Sebab Aku mencari nafkah sendiri. Aku menabung untuk masa depan sendiri. Aku mengurus kebutuhan pribadiku sendiri. Aku menghadiri undangan pesta sendiri. Aku ke pasar sendiri. Aku menggeser lemari sendiri. Aku mengecat rumah sendiri. Dan akupun tidur sendiri (bersama Annisa tepatnya).
Aku seperti tak punya suami.
Mungkin dia pun berpikir begitu padaku. Entahlah...
Aku menduga, suasana dingin ini adalah klimaks dari perdebatan-perdebatan yang tiap hari rutin kami lakukan.
Ya, kami sering bertengkar.
Mulai dari hal-hal kecil yang tak masuk akal seperti saling tuduh kentut siapa yang paling bau, sampai saling tuduh siapa yang selingkuh di antara kami.
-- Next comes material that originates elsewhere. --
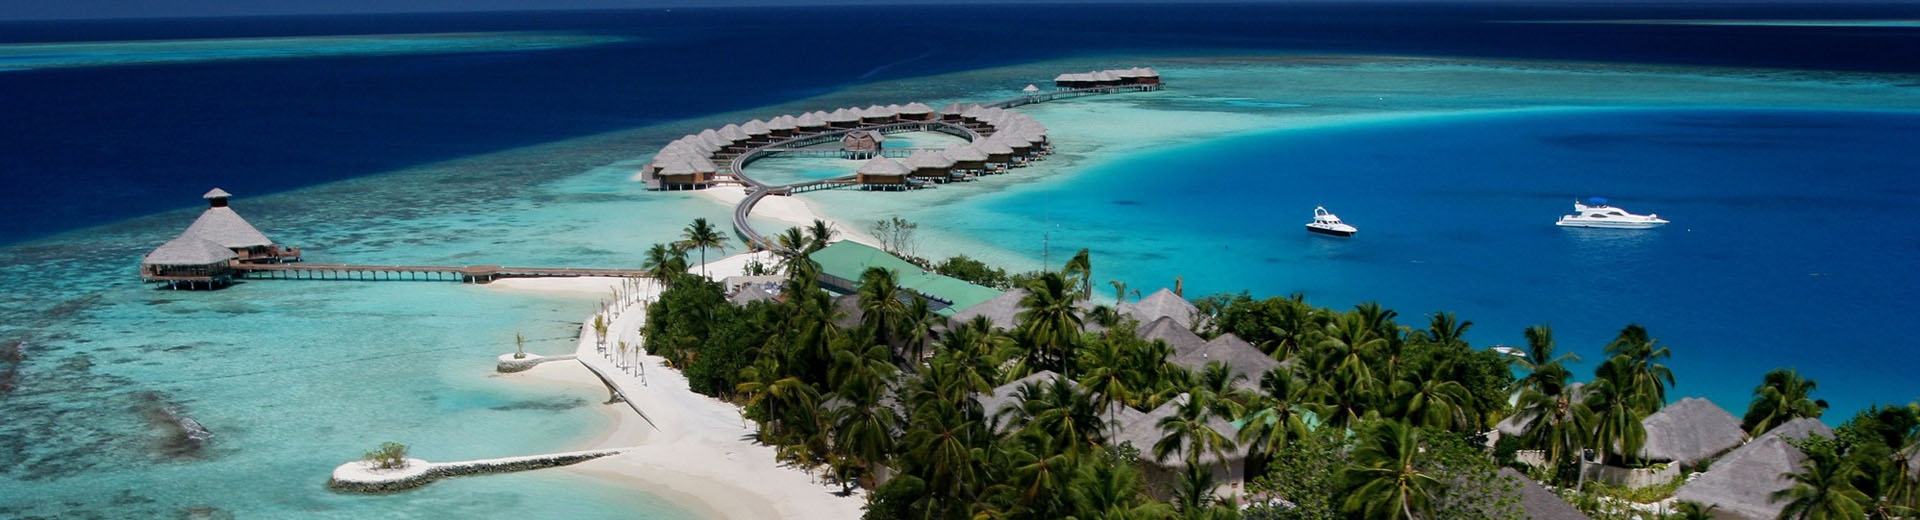 馬爾地夫旅遊飯店推薦-胡瓦芬島

Kami bosan. Kami telah jenuh pada pasangan masing-masing.
Aku jenuh padanya. Dia pun jenuh padaku.
***
Malam ini aku tak bisa menahannya lagi...
Wirya menghilang seharian.
Seperti biasa, ia tak memberitahuku akan kemana.
Malam telah larut...
Jam telah menunjukkan waktu 01.00 WIB.
Kuhubungi staffnya. Ia bilang suamiku telah pulang sejak sore.
Kutahan amarah yang membuncah di dadaku. Andai saat ini dia di depanku, aku ingin teriak kepadanya dan bertanya :
"Masih berhargakah aku dimatamu? Apa kau punya selingkuhan? Kenapa tak jujur saja? Aku akan menerimanya dengan lapang dada. Asal kau bahagia..."
...
Aku menangis...
Kuhamparkan sajadahku...
Di sujud terakhir aku tersungkur. Hampir tak mampu lagi kudongakkan kepalaku.
Ku ucapkan salam dengan terengah-engah.
Dengan terisak Isak aku mengadu kepada Tuhan...
"Ya Allah...
Katamu Engkau Maha mendengar...
Melebihi tajamnya telinga seorang Ibu kepada anaknya... Tapi kenapa Kau tak bisa mendengar jeritan batinku ???
Apa Kau benar-benar ada ???", Aku seperti orang Kafir.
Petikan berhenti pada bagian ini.